#### Prompt
For this exercise, restate every line below word for word and drop the images.

#### Data shown
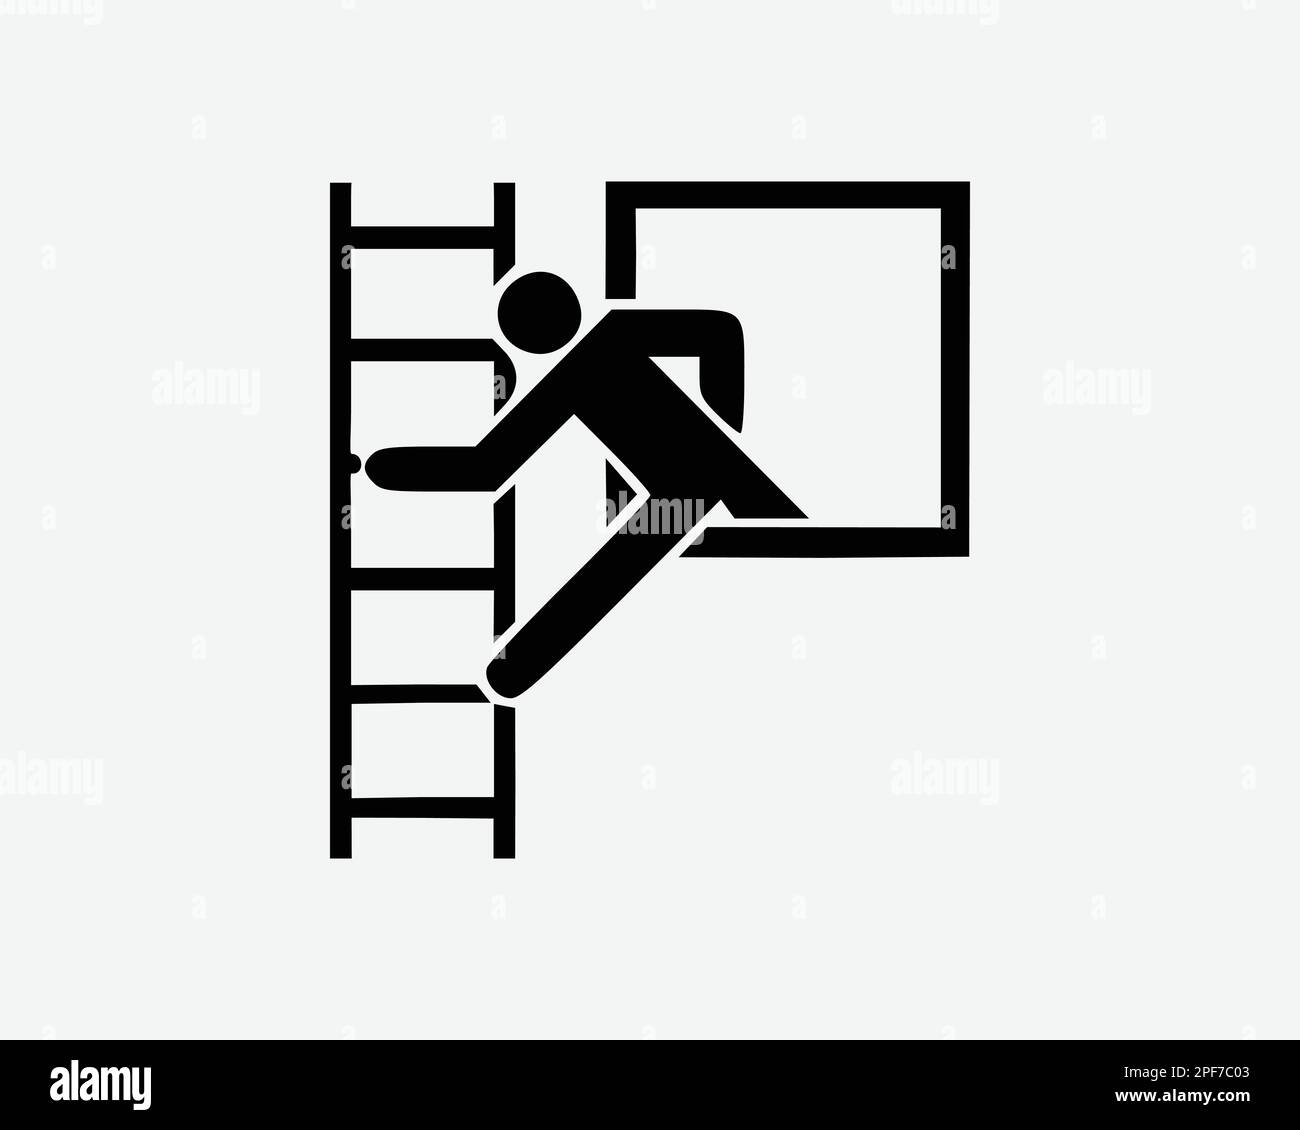 Emergency Window Escape Ladder Man Fire Evacuation Black White Silhouette Sign Symbol Icon Graphic Clipart Artwork Illustration Pictogram Vector Stock Vector
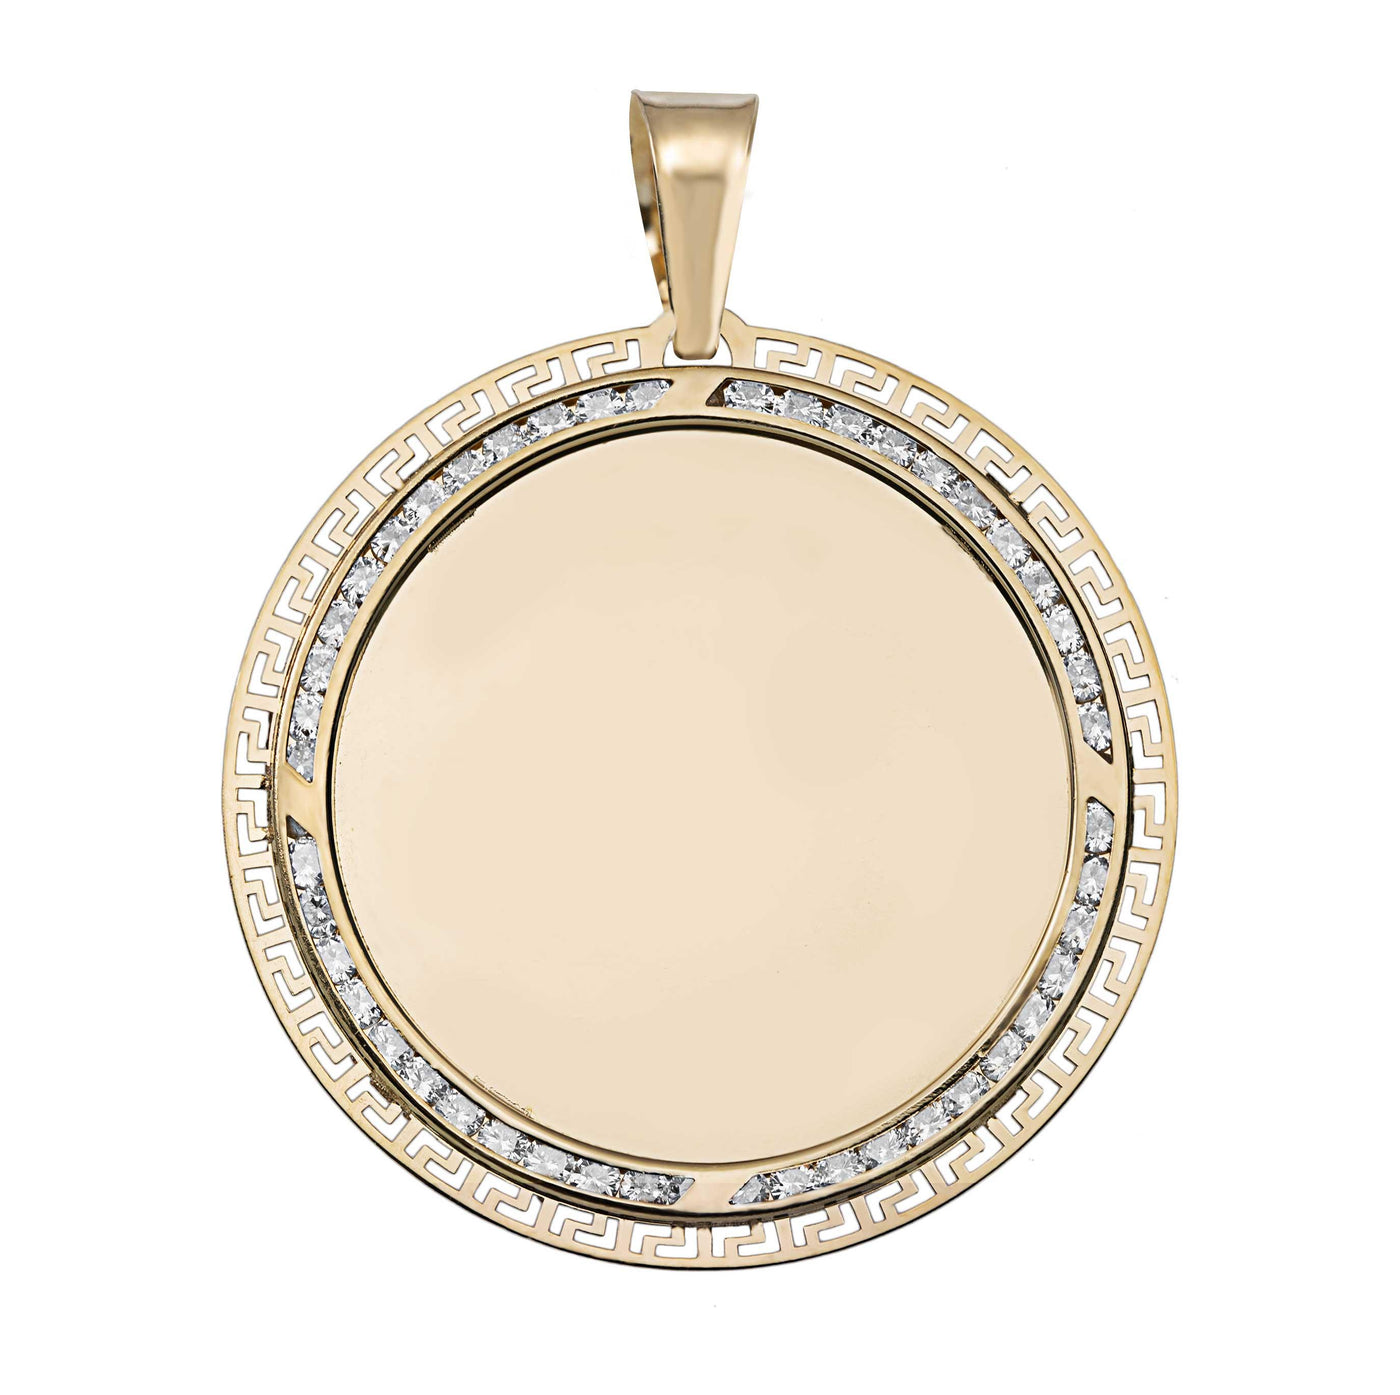 Greek Key CZ Picture Frame Memory Medallion Pendant 10K Yellow Gold - bayamjewelry
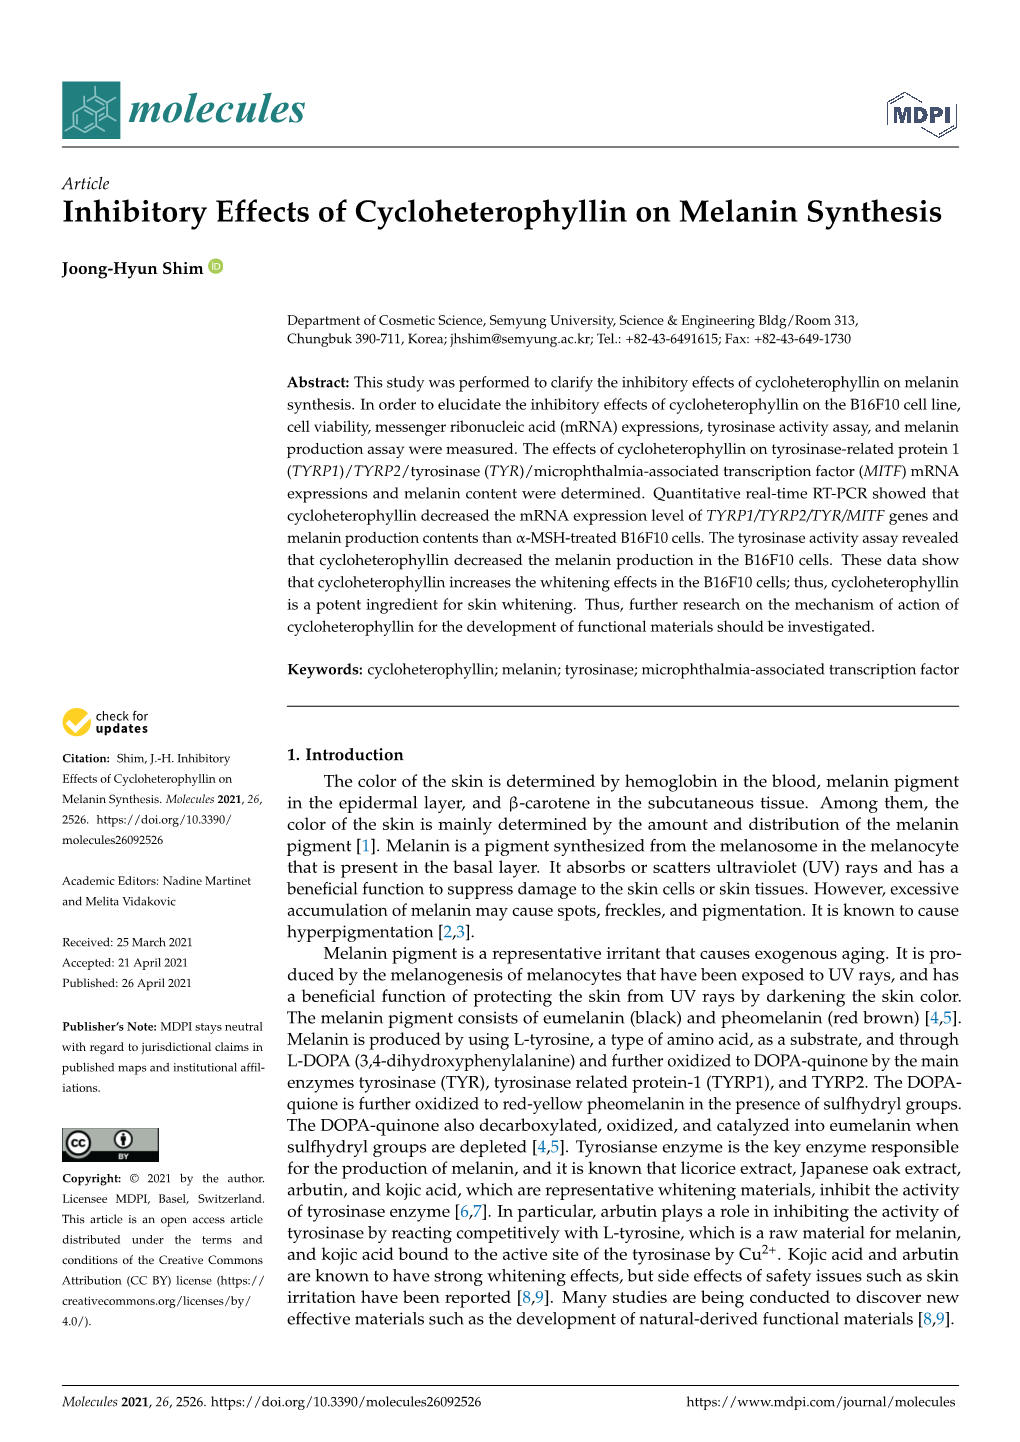 Inhibitory Effects of Cycloheterophyllin on Melanin Synthesis
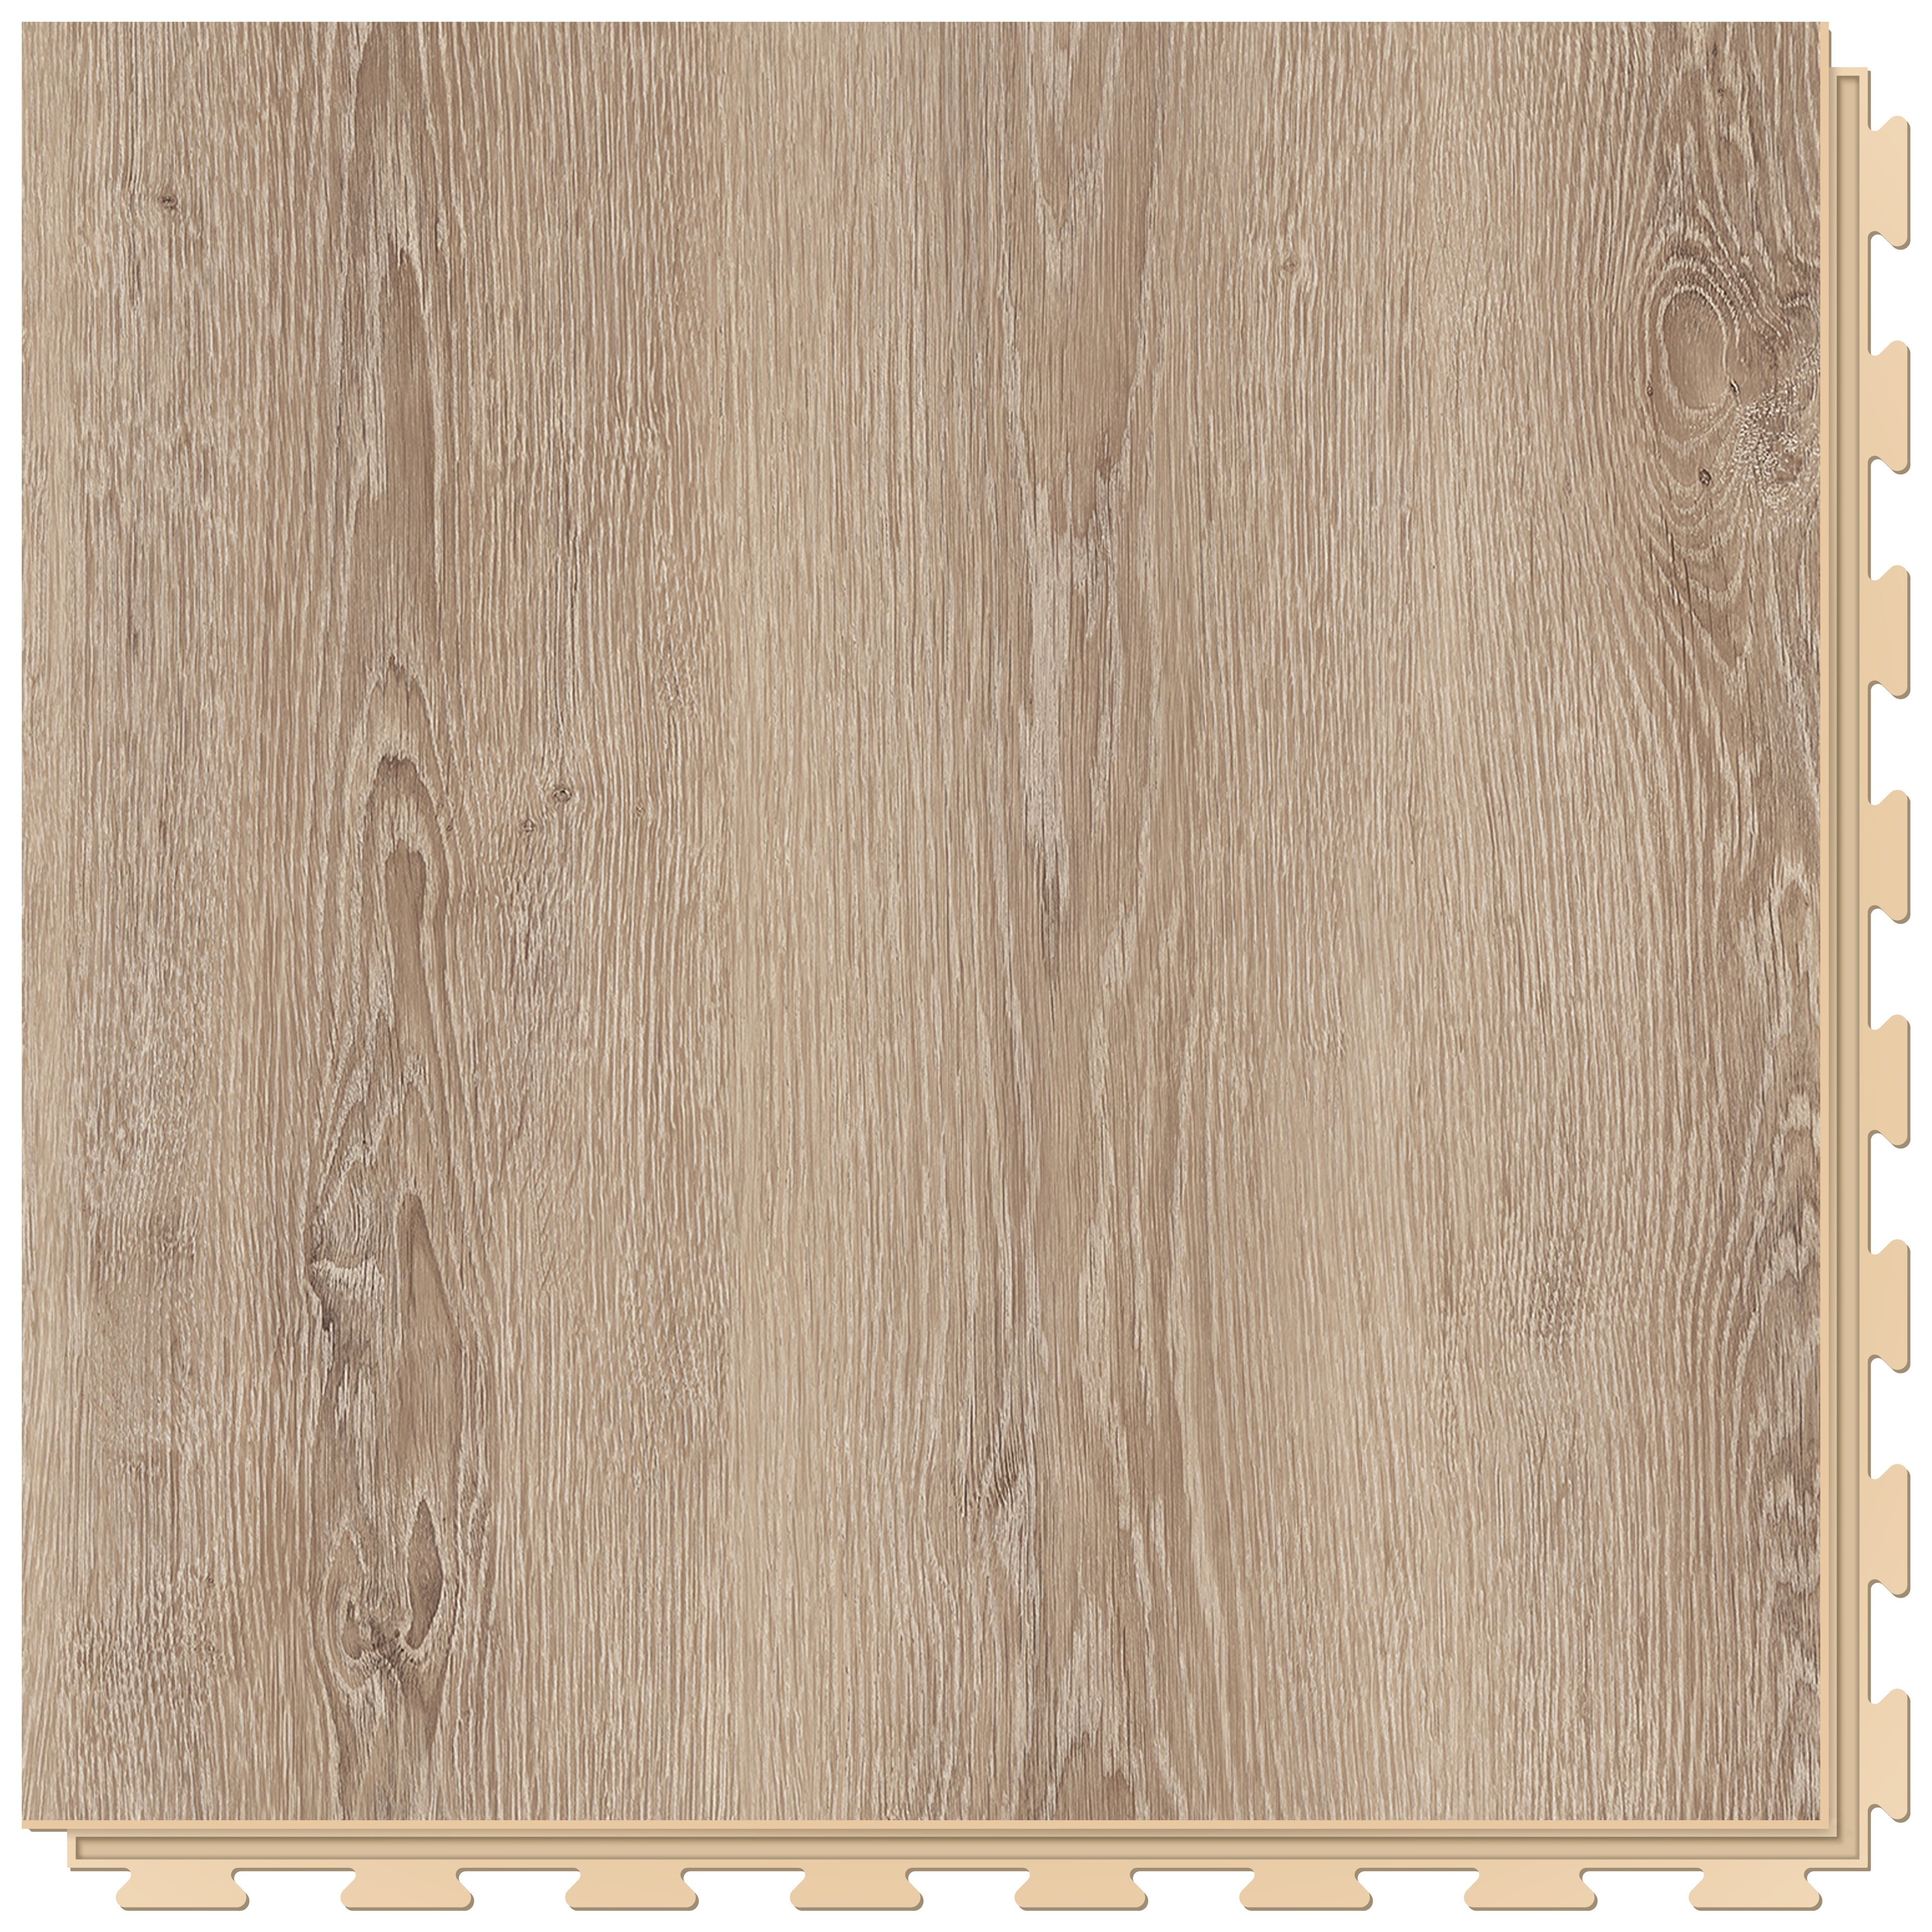 Hnědá vinylová PVC dlažba Fortelock Business Beige Tyrolean oak W001 - délka 66,8 cm, šířka 66,8 cm, výška 0,7 cm

#### Task solution
 Emergency Window Escape Ladder Man Fire Evacuation Black White Silhouette Sign Symbol Icon Graphic Clipart Artwork Illustration Pictogram Vector Stock Vector
 Greek Key CZ Picture Frame Memory Medallion Pendant 10K Yellow Gold - bayamjewelry
 Inhibitory Effects of Cycloheterophyllin on Melanin Synthesis
 Hnědá vinylová PVC dlažba Fortelock Business Beige Tyrolean oak W001 - délka 66,8 cm, šířka 66,8 cm, výška 0,7 cm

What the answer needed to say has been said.